CIUDAD DE MEXICO.- Al interior de Palacio Nacional se han encendido alertas en torno a la situación de Jesús Ramírez, ex vocero presidencial y una de las figuras con mayor influencia durante el sexenio de Andrés Manuel López Obrador. En días recientes, dos hechos colocaron nuevamente su nombre en el centro de la atención política y mediática, generando preocupación dentro del nuevo equipo en el poder.
El primero fue la publicación de un adelanto del nuevo libro de Julio Scherer, difundido por Proceso, en el que se atribuye a Ramírez haber impulsado un decreto presidencial con posibles afectaciones al erario por al menos 27 mil millones de pesos. El señalamiento resulta relevante no sólo por su contenido, sino porque proviene del ex consejero jurídico del propio López Obrador, uno de los primeros integrantes del círculo cercano que se atreve a cuestionarlo de manera abierta.
El segundo episodio fue un reportaje transmitido por Televisa, donde se expusieron presuntos negocios inmobiliarios de Alejandro Páez Varela, periodista que en el sexenio pasado mantuvo una relación cercana con el equipo de comunicación presidencial. La difusión de ese trabajo periodístico fue interpretada como una señal de que distintos frentes aguardaban el momento para exhibir vínculos y prácticas asociadas al antiguo aparato de comunicación del gobierno federal.
De acuerdo con personas que trabajaron en Palacio Nacional durante el sexenio anterior, el desgaste de Ramírez fue evidente en los últimos años del mandato de López Obrador. Señalan que el ambiente interno se tornó tenso, con fracturas en su equipo cercano y un deterioro progresivo de la relación con el entonces presidente, que se profundizó cuando se le negó una posición plurinominal en el Senado.

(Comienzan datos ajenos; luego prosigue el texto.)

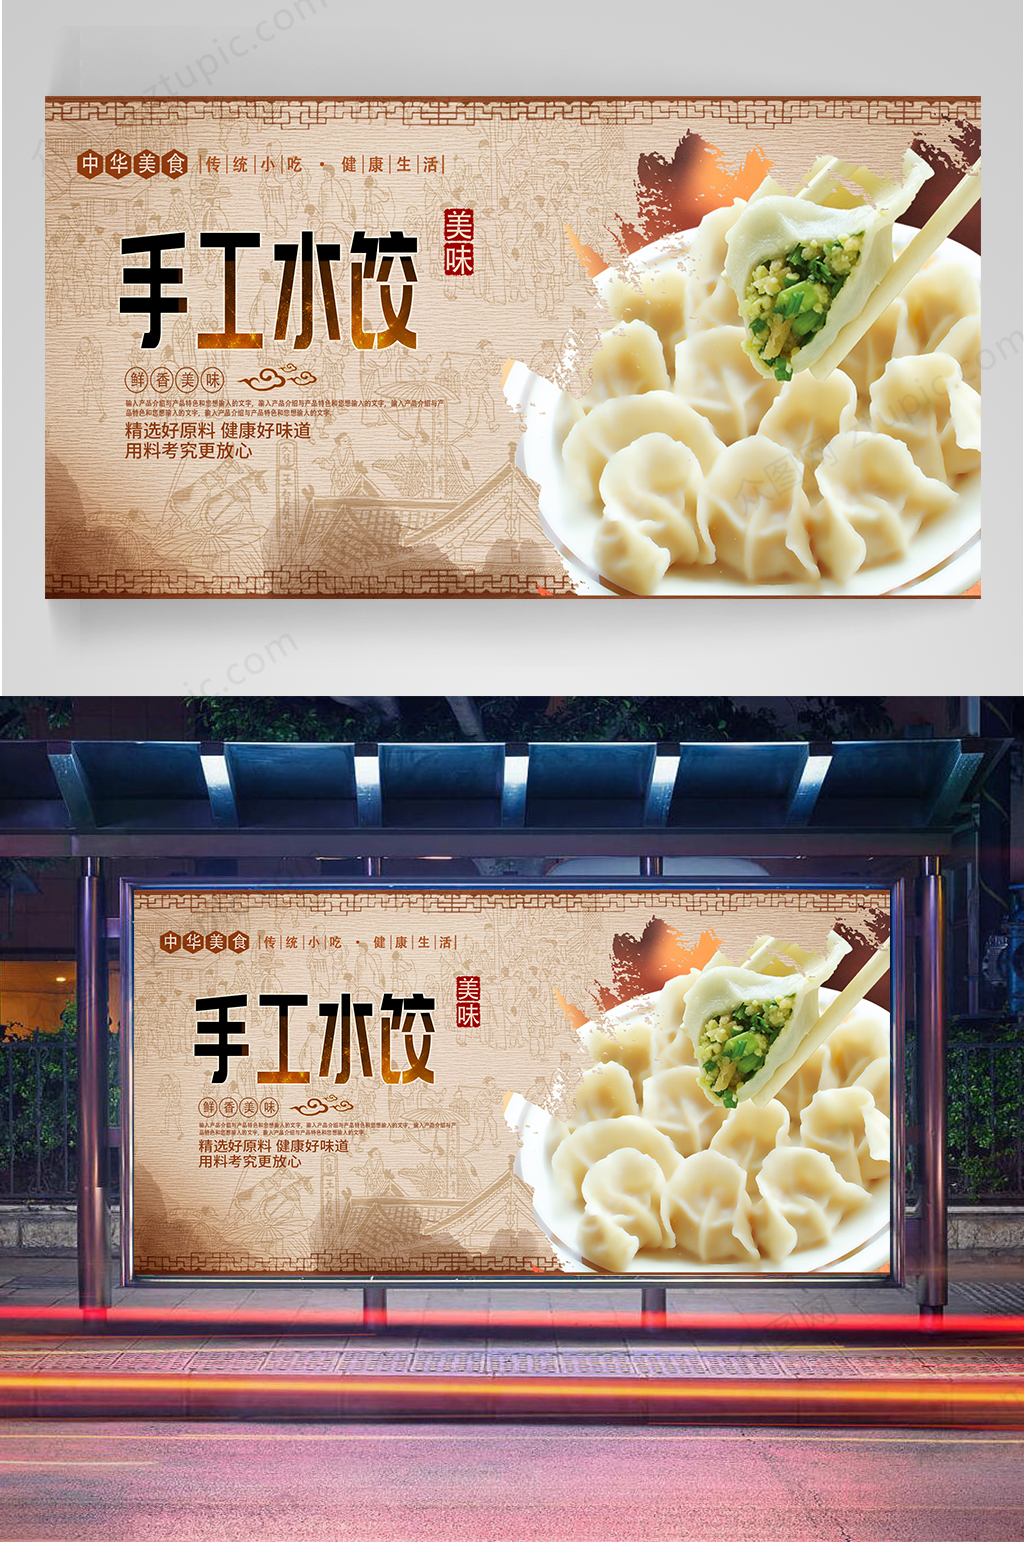 纯手工水饺微信广告词图片

Ese distanciamiento se reflejó también en la reorganización de los círculos de confianza presidencial, al asignarse el cuidado personal del mandatario a Alejandro Esquer, decisión que fue interpretada como un golpe político para el ex vocero.
El escenario se complica para el oficialismo porque Jesús Ramírez conserva formalmente el cargo de coordinador de asesores de la Presidencia. En ese contexto, cualquier nuevo señalamiento podría impactar de manera directa al gobierno de Claudia Sheinbaum, al vincular a su administración con una figura cuestionada del pasado reciente.

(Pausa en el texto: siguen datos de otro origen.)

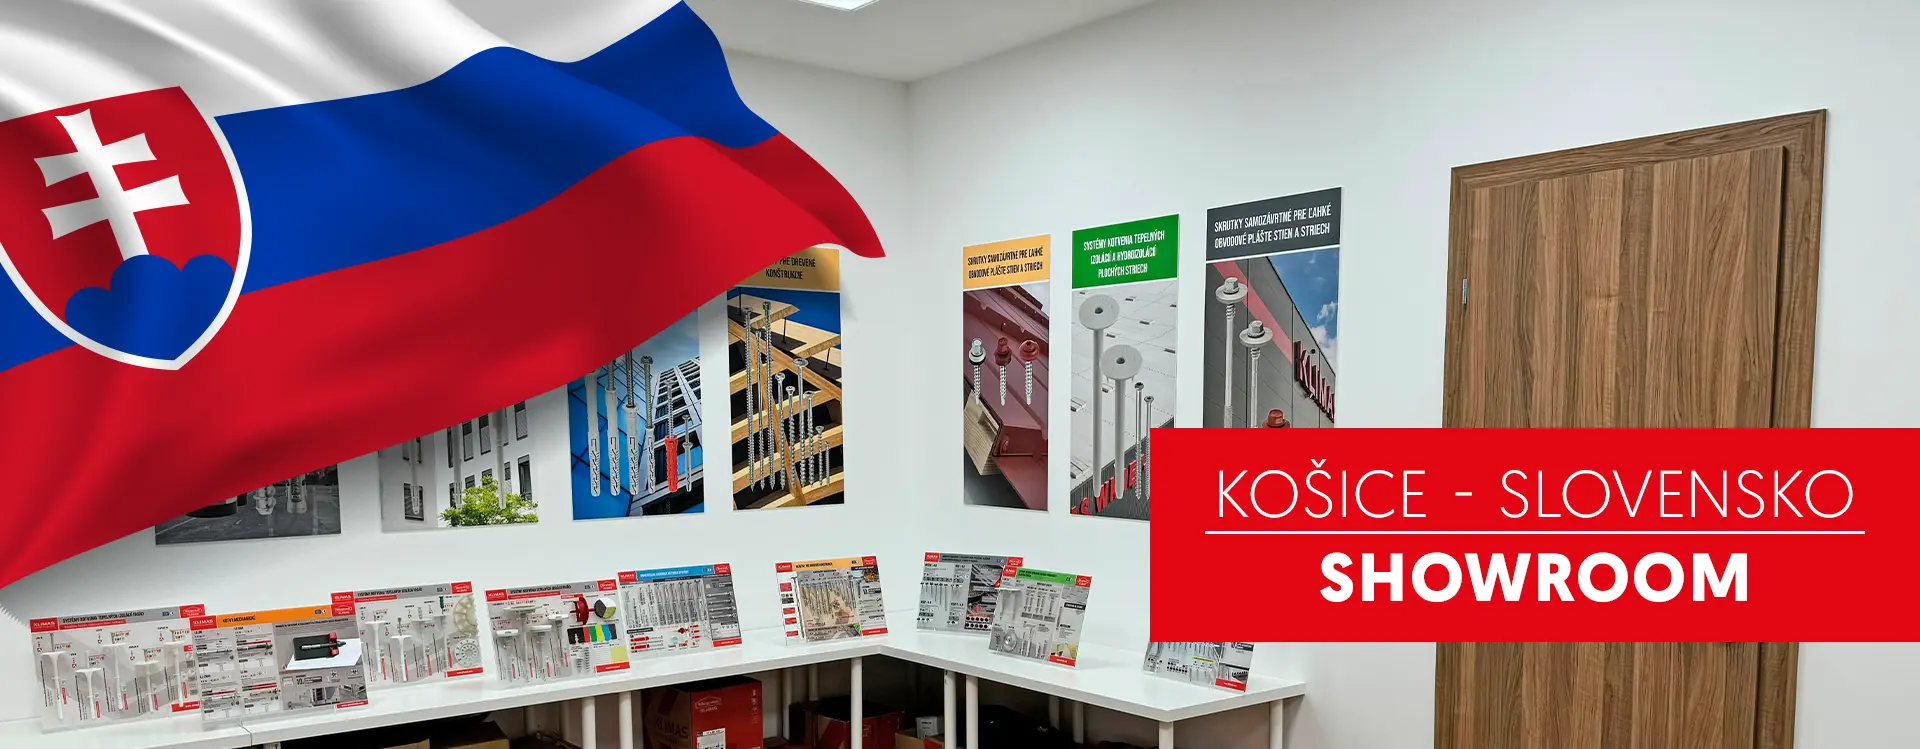 Nový showroom značky na Slovensku

A ello se suma la reaparición de versiones que colocan a Ramírez en la promoción política de Sergio Carmona, empresario asesinado en Nuevo León y cuyo entorno es investigado en Estados Unidos por presuntos esquemas de financiamiento irregular de campañas vinculadas a Morena.
En el nuevo equipo presidencial, algunos colaboradores reconocen que la permanencia de Ramírez en Palacio responde a acuerdos previos, pero admiten que el tema ya está sobre la mesa. La posibilidad de una salida ordenada y sin estridencias comienza a discutirse, mientras crece la expectativa sobre si el ex vocero mantendrá o no la protección política que tuvo durante años.